Find and read academic papers. Route by intent, judge by author-graded rubric.

        User
         │
         ▼
   ┌── Router ──┐
   │            │
   ▼            ▼
 POINT      LIST/ITERATIVE
(1 paper)   (rubric + 2–3 rounds)

The agent does relevance judgment — no LLM-as-judge is called. You author the rubric, you triage each paper, you sort.

Setup

Scripts at skills/paper-navigator/scripts/. Run via python skills/paper-navigator/scripts/<name>.py.

Env var	Used by	Notes
`S2_API_KEY`	All S2 scripts	Without it: `scholar_search` falls back to arXiv; `citation_traverse` / `recommend` / `snippet_search` are disabled
`JINA_API_KEY`	`fetch_paper`	Free tier works without key
`GITHUB_TOKEN`	`github_search`, `find_code`	Higher rate limits
`PAPER_NAV_PAPERS_DIR`	`fetch_paper` full text	No default — set or pass `--metadata-only`

Full env-var list: references/env-vars.md.

Five Red Lines (always)

Track history. Don't re-run a query you already ran. Empty result → change angle, not synonyms.
Search a gap, not a vibe. Every query maps to one missing piece of information. No stacked-keyword bags.
One query = one concept. Split comparisons (A vs B), multi-property asks, and multi-year spans into separate calls.
Never hallucinate. Every fact (title, author, year, citation count, content) comes from a tool result.
Quote-or-zero.
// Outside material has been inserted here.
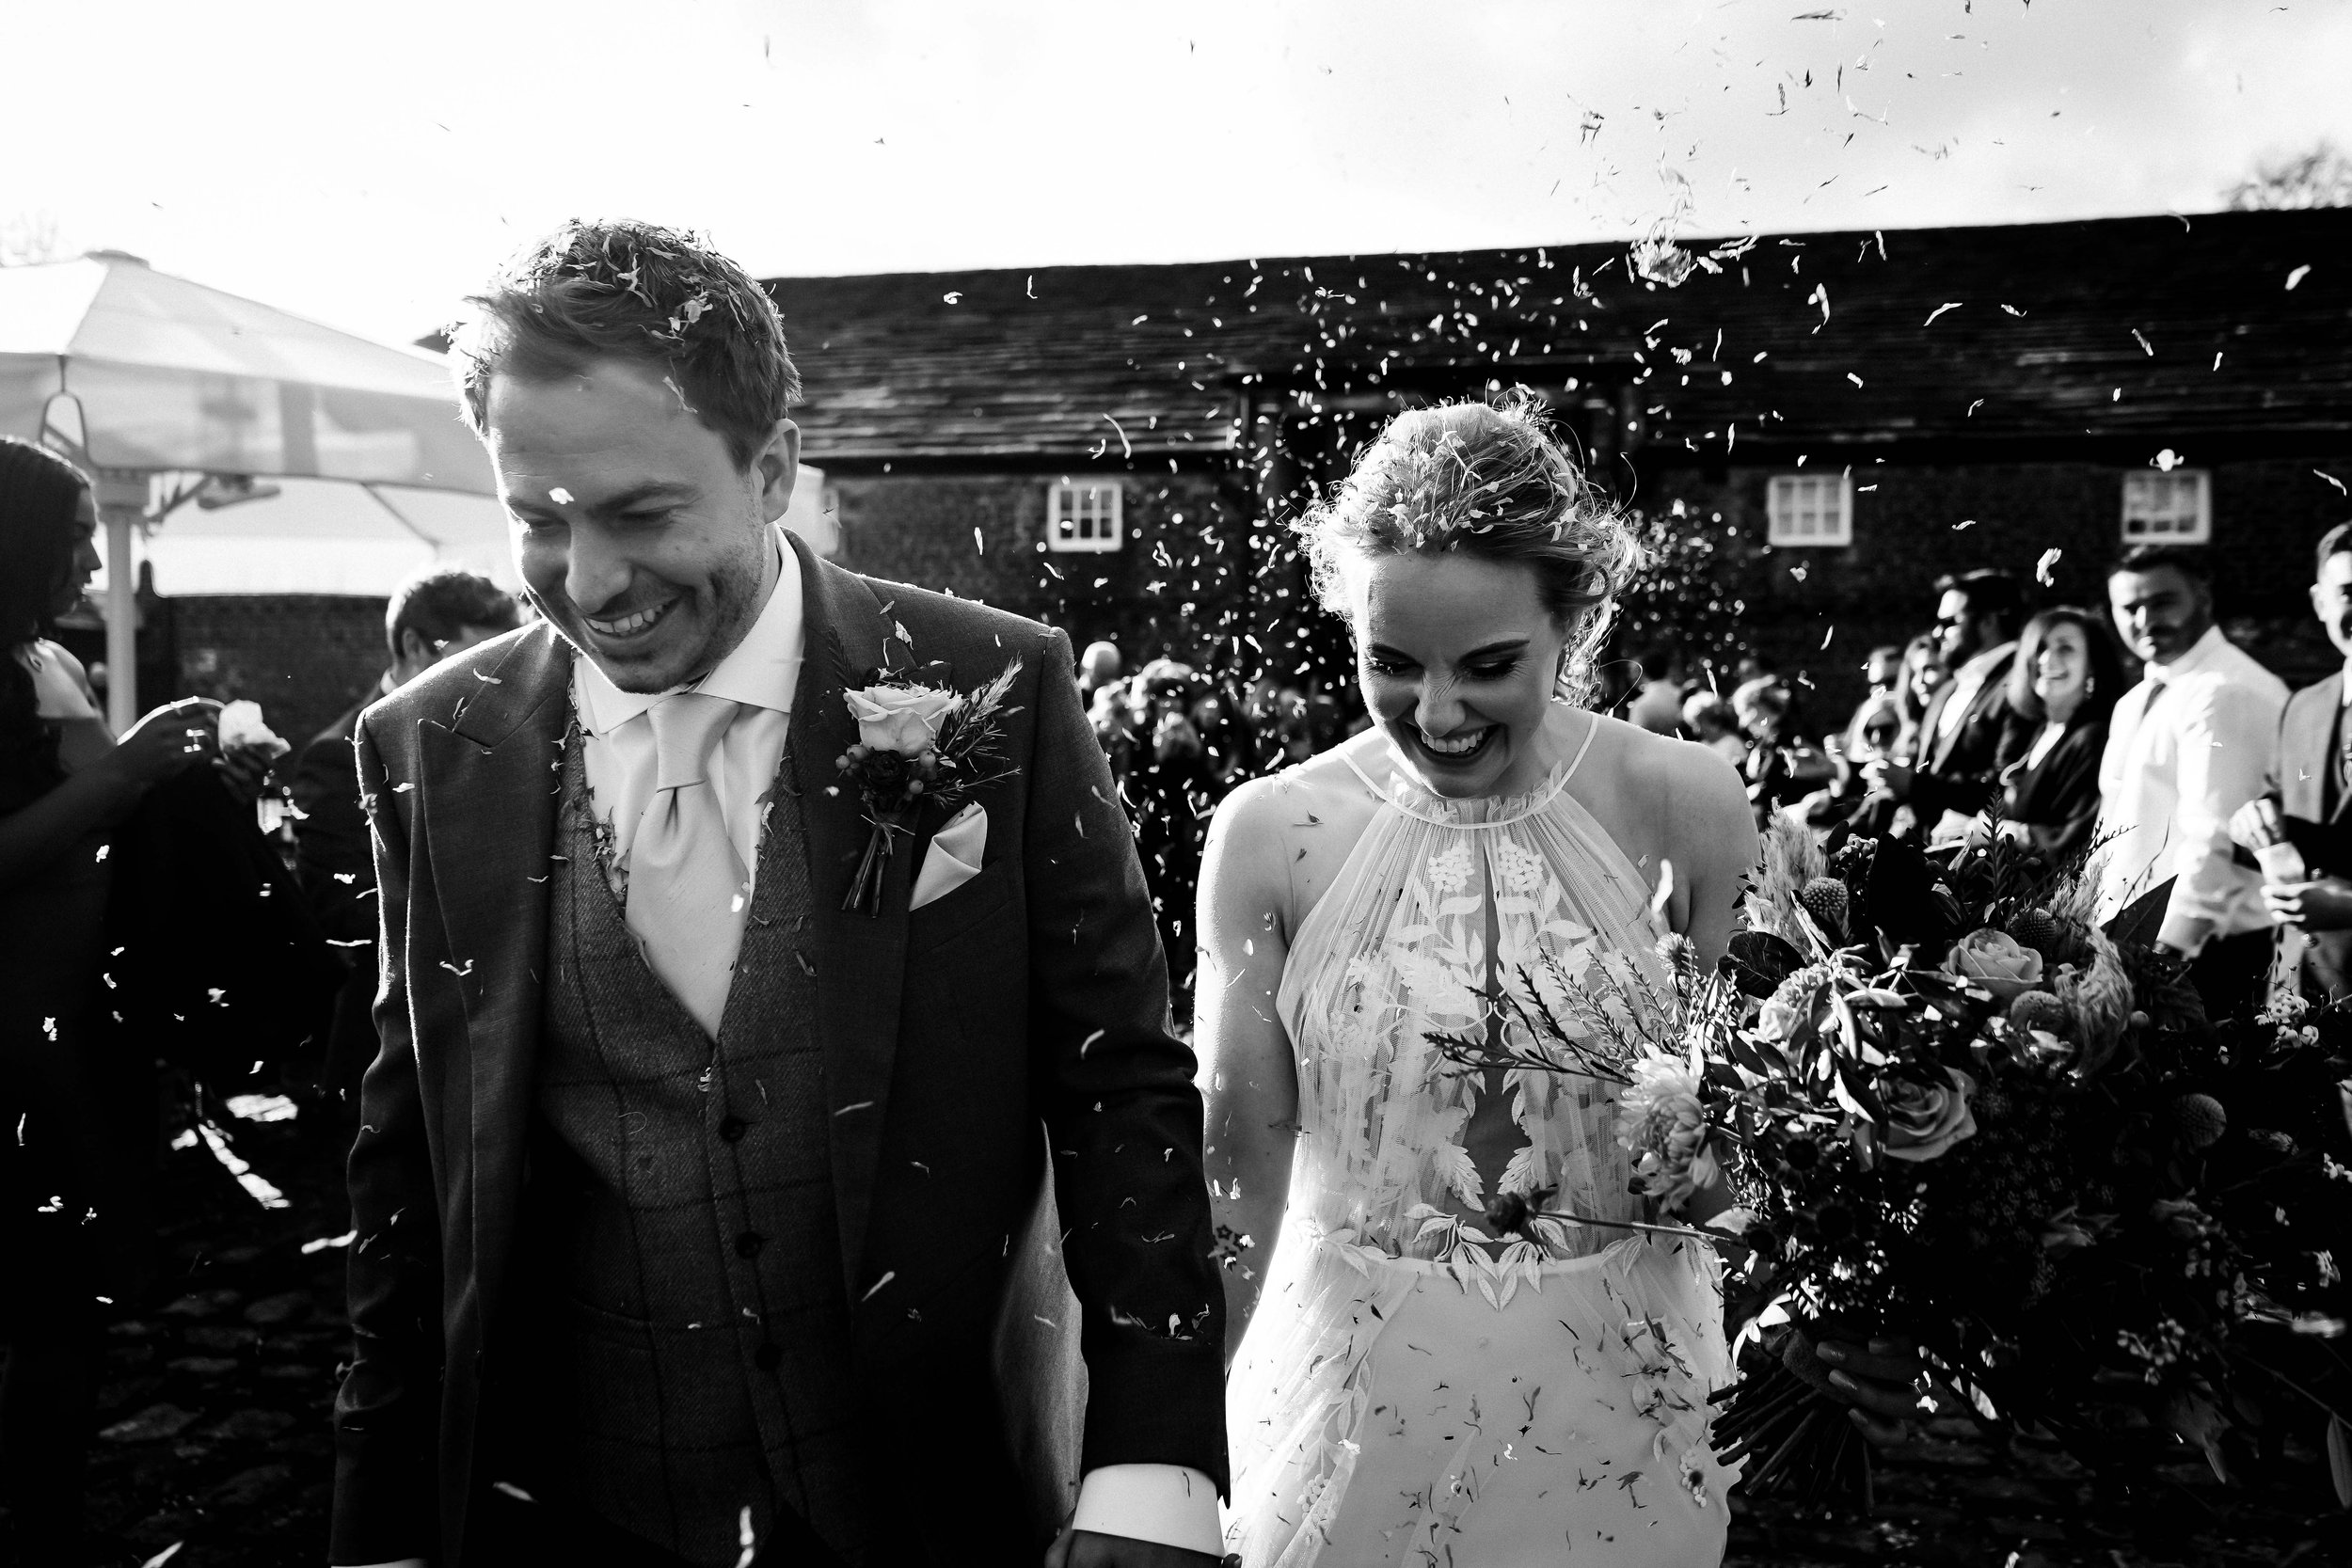 Meols Hall Wedding Photographer based in Lancashire North West England photography - 019.jpg

When you claim a paper meets a criterion, quote a ≤80-char span from its abstract / tldr / snippet. No quote → that criterion scores 0.

Router

Branch	User signal	Cadence	Output
POINT	Title quoted, URL, arXiv/DOI/PMID/S2 ID, "read this paper"	1 call	Paper Card
LIST (default)	"find papers about X", "is there a paper that …?", "papers satisfying A and B"	2 rounds + optional patch	Shortlist with per-criterion evidence
ITERATIVE	"survey of X", "30+ papers on Y", called from `research-survey` / `research-ideation`	up to 3 rounds, breadth-first	Ranked table (hand off to research-survey for the report)
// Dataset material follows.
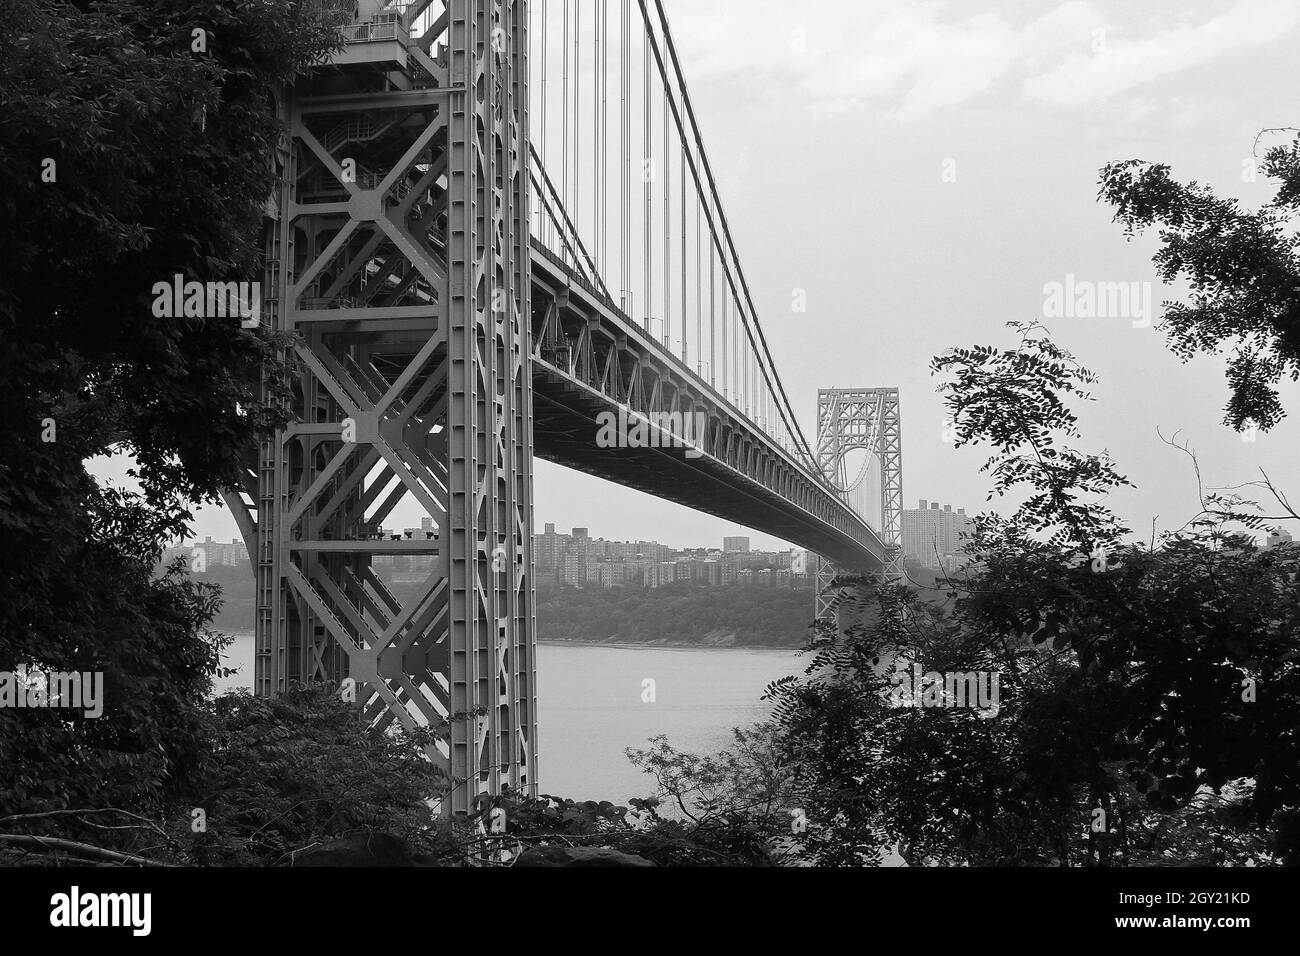 Grayscale shot of George Washington Bridge over the Hudson River in New York, USA Stock Photo

Default to LIST when unsure. Don't add survey / review to LIST queries — it down-ranks the canonical originals the user wants.
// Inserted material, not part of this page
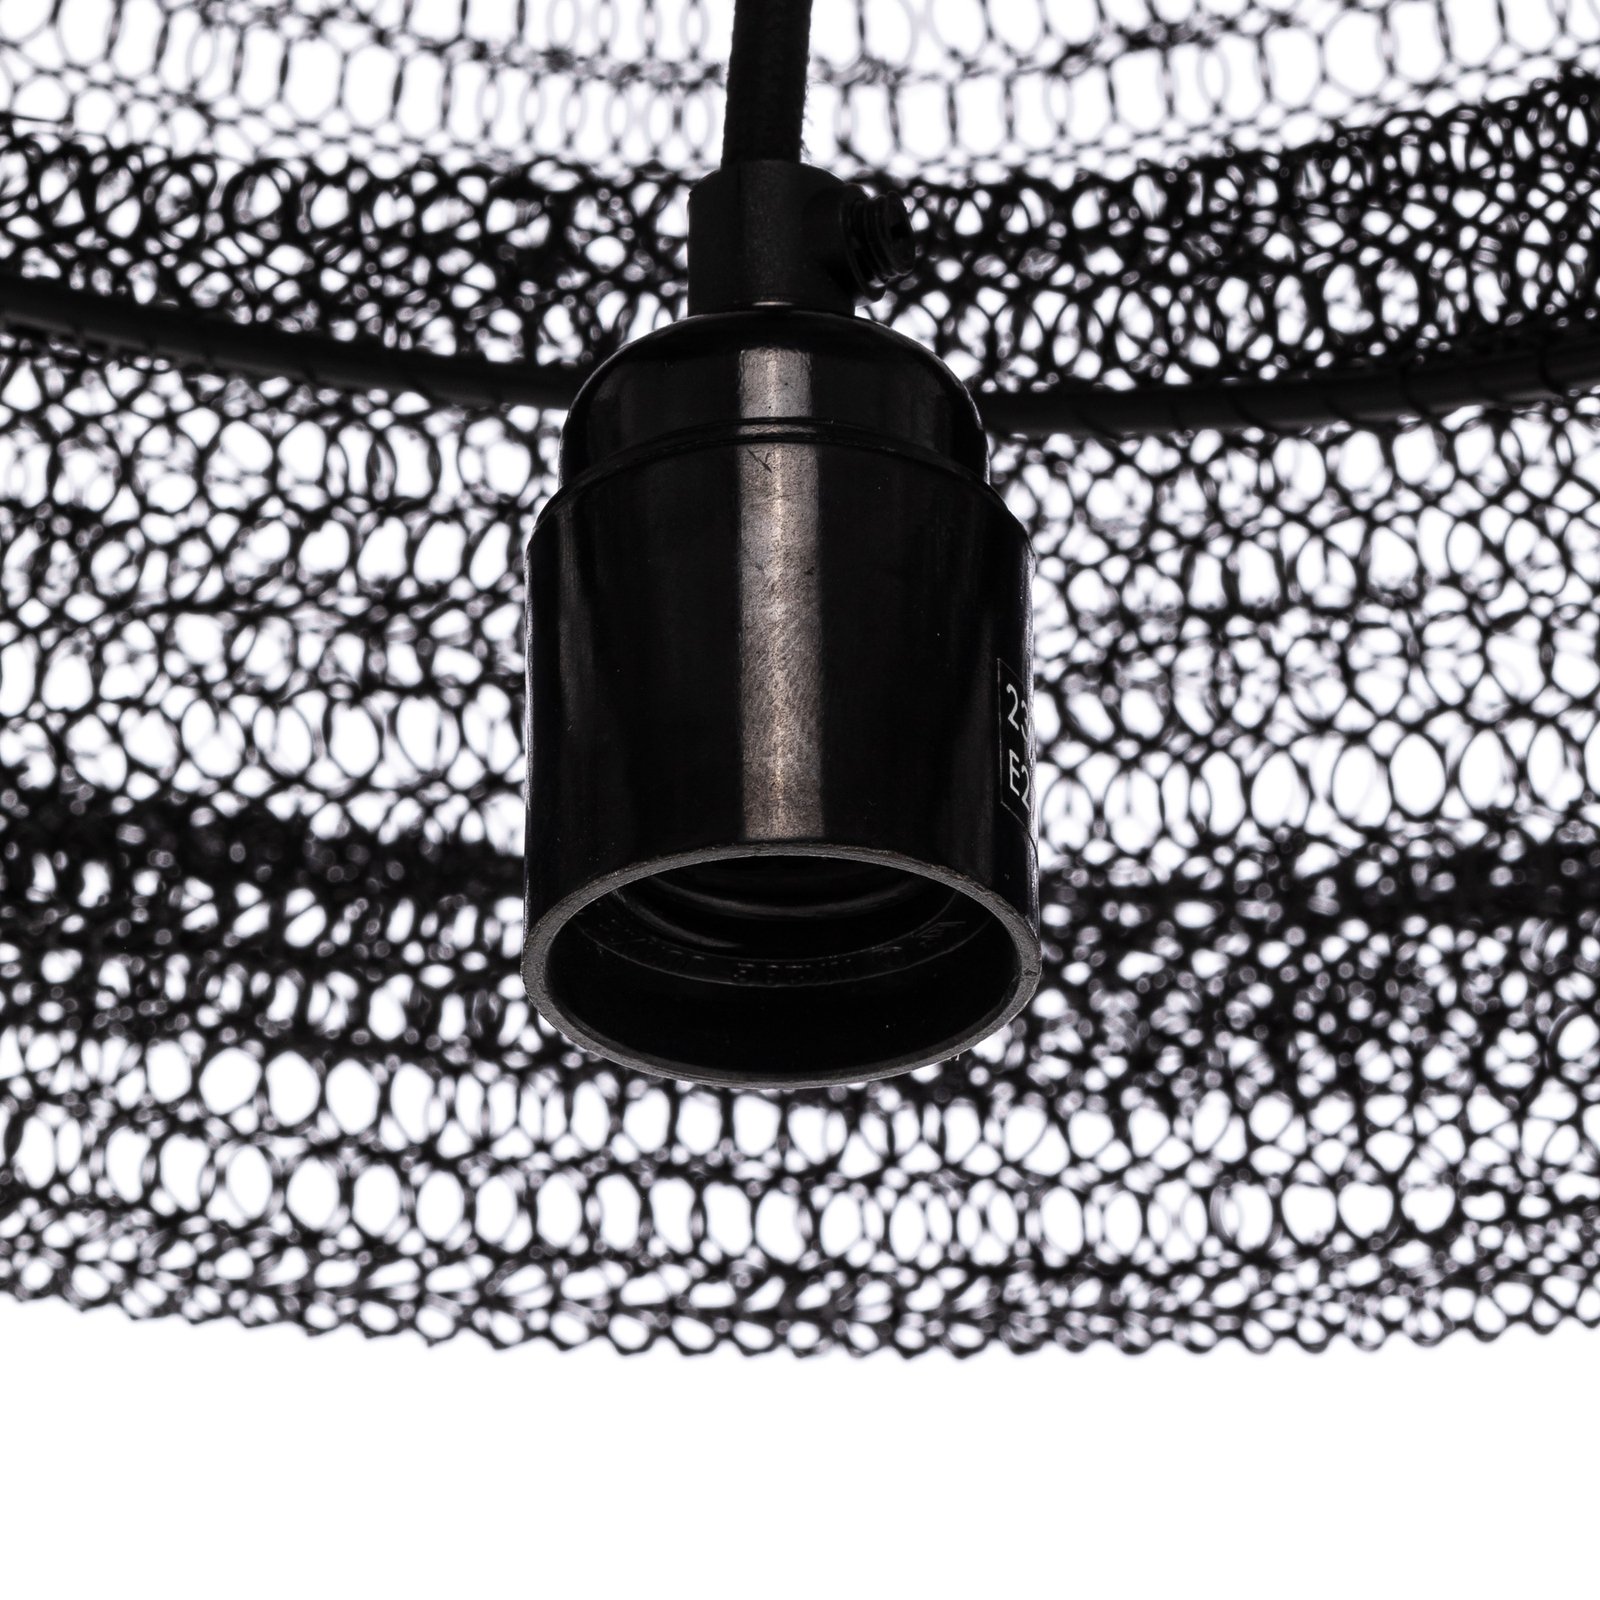 Lindby pendant light Eldric, black, iron, Ø 45 cm

Ambiguous query (project nickname, codename, single capitalized word with zero hits) → run scholar_search exact + web/GitHub search first to resolve identifiers, then re-route.

POINT branch (known paper)

Input	Command	Output
URL	`python scripts/fetch_paper.py --url <URL>`	Paper Card + reading notes (see `references/reading-strategy.md` for L1/L2/L3)
Title quoted	`python scripts/match_paper_by_title.py --title "<title>"` (add `--fallback-search` for typos)	Paper Card
Bare ID (arXiv / DOI / S2 / CorpusId)	`python scripts/fetch_paper.py --paper-id <ID> --metadata-only`	Paper Card

Paper Card:

📄 **<Title>**
Authors: <First Author> et al. | Year: <Y> | Venue: <V>
Citations: <N> | ID: <ArXiv:xxxx.xxxxx> | DOI: <...>
TLDR: <one sentence>

Stop here. Do not chain to citation expansion unless asked.

LIST / ITERATIVE branch — 6 steps

Step 1: Parse intent

State in one sentence: the research object (specific technique / concept) and the constraints (domain, task, recency, exclusions). Confirm the router branch.

Step 2: Author the RUBRIC (via `think_tool`)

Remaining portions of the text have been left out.